Leading the charge is Sam Ruffillo, a producer who first appeared on Boogie Café last year following an impressive 2018 debut on Irma Dance floor. He kicks off proceedings with the infectious “U Make Me Sing”, a heavyweight slab of rolling breakbeat goodness rich in tight vocal samples, jazzy guitar licks and wonderfully warm and weighty bass.
Later in the EP Ruffilo returns to action alongside Brine, another rising star with links to legendary Italian label Irma. “Request Line” is a fine slab of chunky, U.S garage-influenced deep house that sees the duo pepper swinging drums and toasty bass with heady organ stabs, cut-up vocal samples and trippy electronics.
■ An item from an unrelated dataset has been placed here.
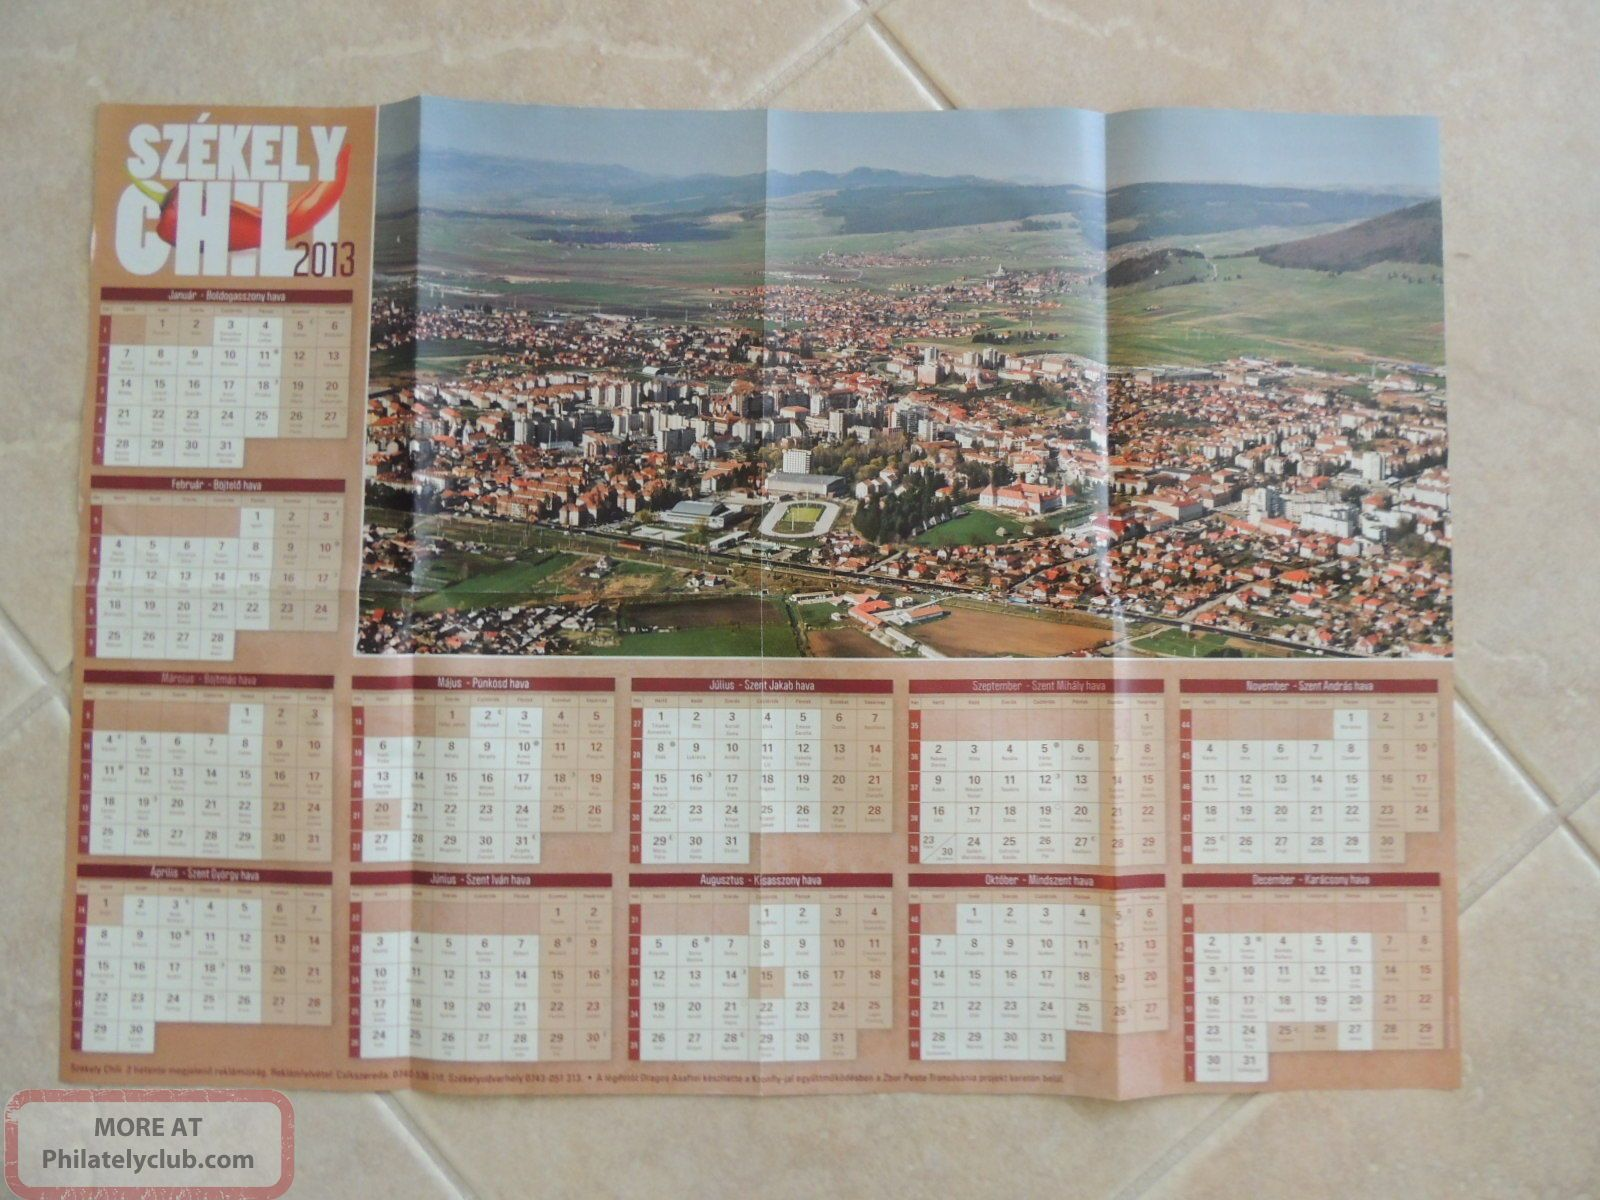 Szekelyudvarhely 2013 Kalendarium City View,  With Name Days, Worldwide photo

Fittingly, Brine gets a chance to showcase his skills as a solo producer via “Star Chaser”, a looser and jazzier house excursion that doffs a cap to the glory years of jazz-funk whilst championing rich deep house synth riffs, jaunty bass and more spaced-out vocal snippets.
You’ll hear a similar jazz-funk influence at the heart of the EP’s only contribution from Red Rooster founder and former House of Disco artist D’Arabia. The most experienced of the three artists on show, he offers up “Straight Outta Fire”, a bouncy, deep and percussive affair that wraps drowsy male vocals, sustained chords and harmonica samples around disco-influenced house beats and what may well be the squelchiest bassline ever to emerge from Bologna.
DJ Support:
Bedmo Disco, Lord leopard, Melon Bomb, Dave Harvey, Haze City, Aroop Roy, Lay Far , Danvers, Kassian, Dave Jarvis,
Jimmy The Twin & Cengiz.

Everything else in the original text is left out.